Generating Natural-Language Surgical Feedback: From Structured Representation to Domain-Grounded Evaluation
Firdavs Nasriddinov, Rafal Kocielnik, Anima Anandkumar, Andrew J. Hung
TL;DR
This work introduces a structure-aware pipeline that grounds natural-language surgical feedback in Instrument–Action–Tissue (IAT) triplets derived from real trainer–trainee transcripts. By fusing video frames, temporal instrument motion, and procedure/task context, the system predicts IAT triplets which then condition GPT-4o to generate trainer-style, clinically grounded feedback, with an uncertainty gate to reduce hallucinations. Across Task 1 (Video→IAT) and Task 2 (Feedback Generation), integrating IAT structure and motion context yields consistent performance gains in IAT recognition (AUC) and fidelity of generated feedback (higher clinician-aligned scores, lower WER, higher ROUGE), supported by a clinician-aligned evaluation protocol. The approach enables auditable, scalable surgical coaching and provides a data-efficient representation by grounding content in interpretable IAT semantics, setting the stage for broader adoption in clinical training and simulation settings.
Abstract
High-quality intraoperative feedback from a surgical trainer is pivotal for improving trainee performance and long-term skill acquisition. Automating natural, trainer-style feedback promises timely, accessible, and consistent guidance at scale but requires models that understand clinically relevant representations. We present a structure-aware pipeline that learns a surgical action ontology from real trainer-to-trainee transcripts (33 surgeries) and uses it to condition feedback generation.

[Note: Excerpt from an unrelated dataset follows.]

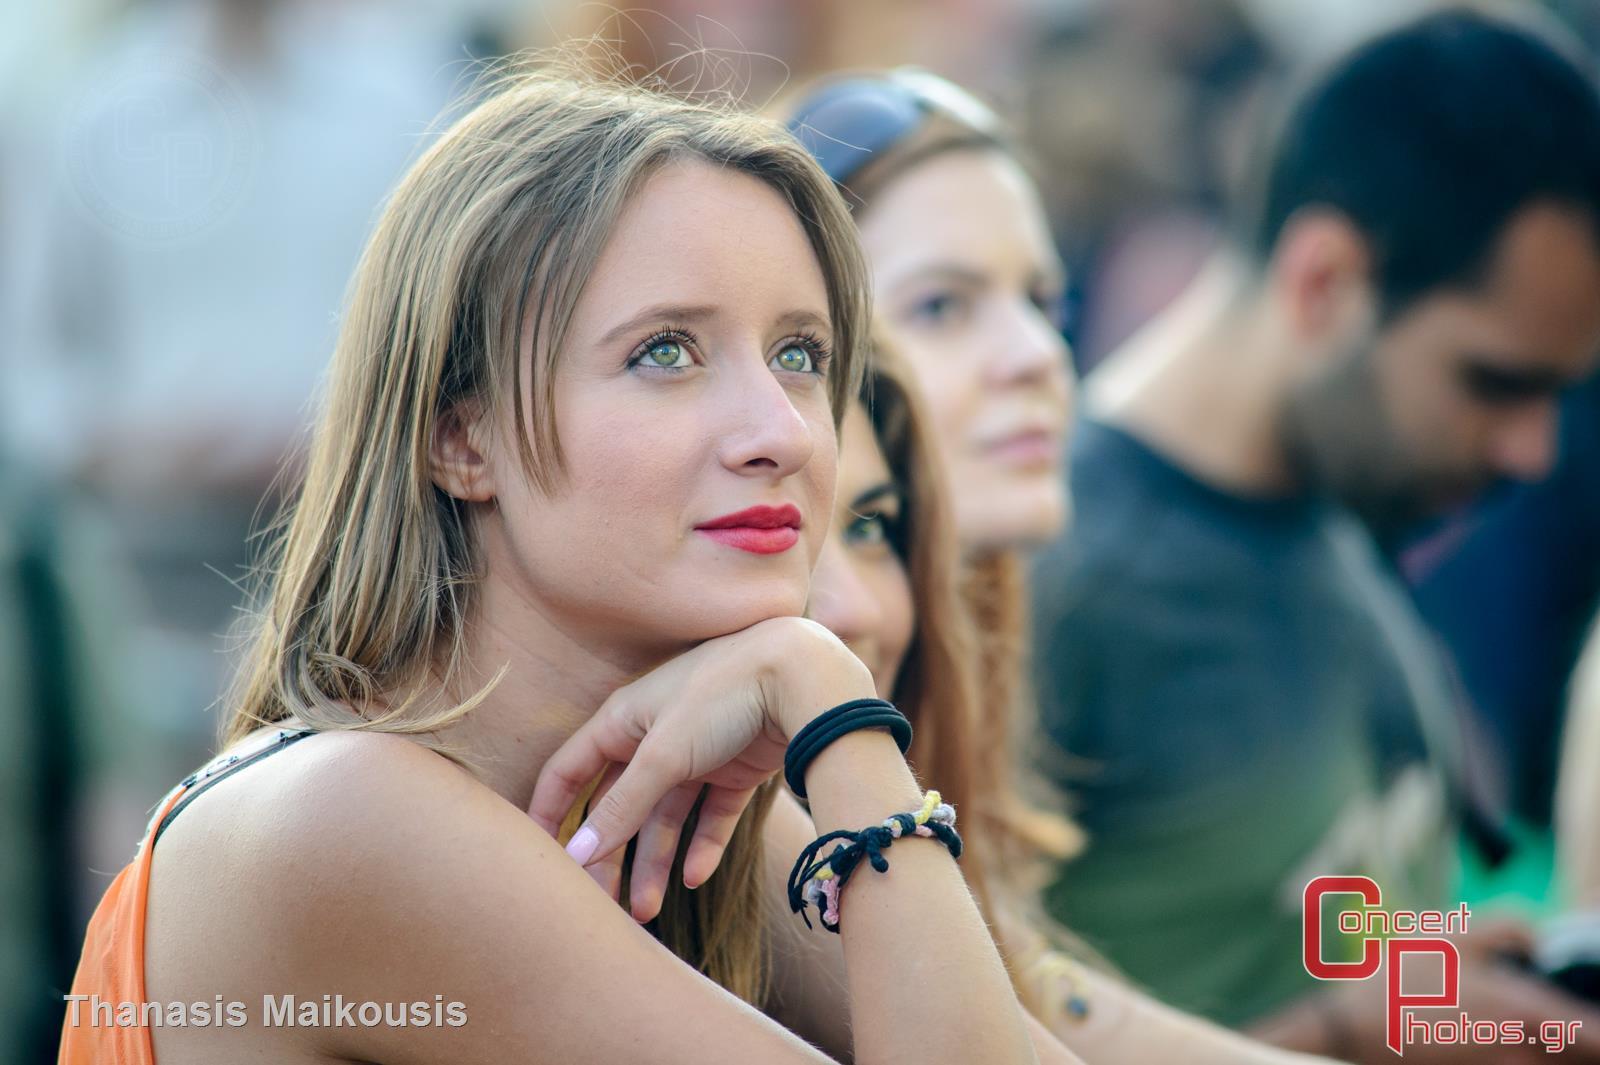 En Lefko 2014-En Lefko 2014 photographer: Thanasis Maikousis - concertphotos_20140621_20_11_07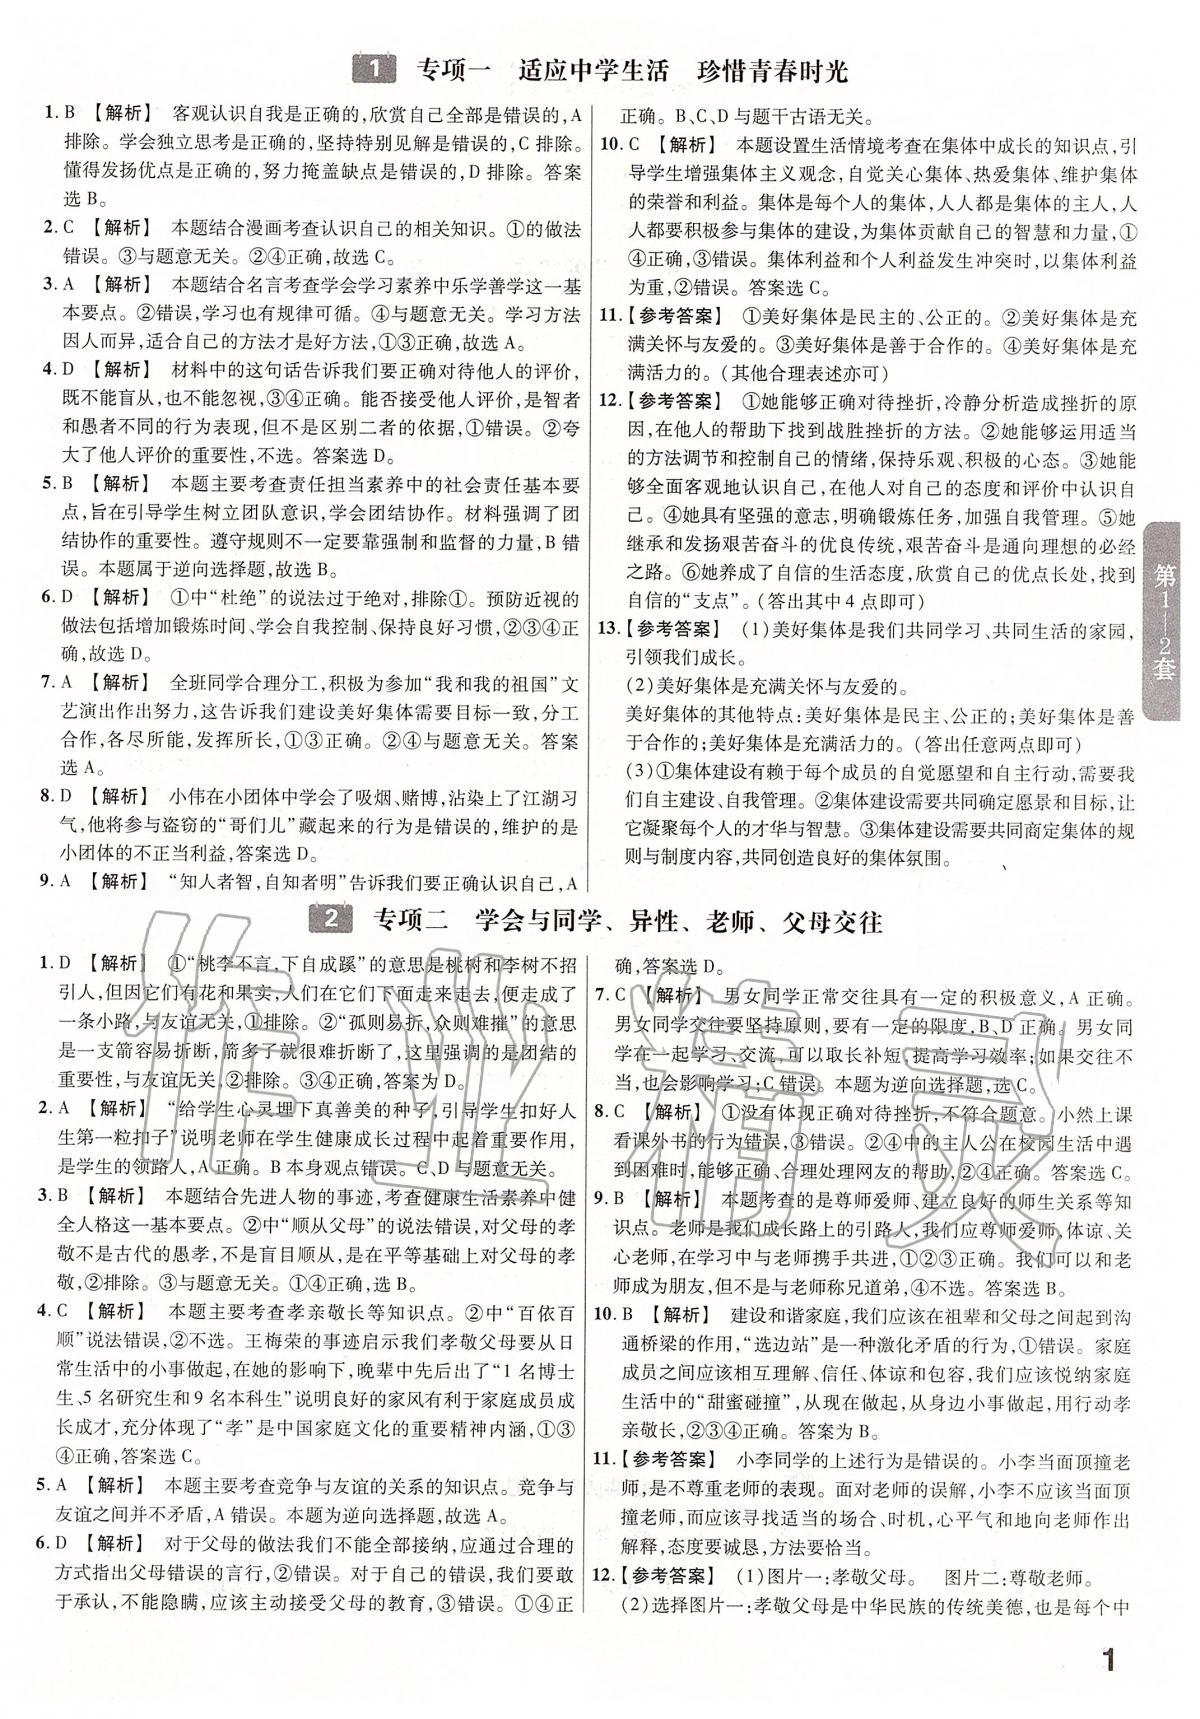 2020年金考卷安徽中考45套汇编道德与法治第1页

We contribute by (1) mining Instrument-Action-Target (IAT) triplets from real-world feedback text and clustering surface forms into normalized categories, (2) fine-tuning a video-to-IAT model that leverages the surgical procedure and task contexts as well as fine-grained temporal instrument motion, and (3) demonstrating how to effectively use IAT triplet representations to guide GPT-4o in generating clinically grounded, trainer-style feedback. We show that, on Task 1: Video-to-IAT recognition, our context injection and temporal tracking deliver consistent AUC gains (Instrument: 0.67 to 0.74; Action: 0.60 to 0.63; Tissue: 0.74 to 0.79). For Task 2: feedback text generation (rated on a 1-5 fidelity rubric where 1 = opposite/unsafe, 3 = admissible, and 5 = perfect match to a human trainer), GPT-4o from video alone scores 2.17, while IAT conditioning reaches 2.44 (+12.4%), doubling the share of admissible generations with score >= 3 from 21% to 42%. Traditional text-similarity metrics also improve: word error rate decreases by 15-31% and ROUGE (phrase/substring overlap) increases by 9-64%. Grounding generation in explicit IAT structure improves fidelity and yields clinician-verifiable rationales, supporting auditable use in surgical training.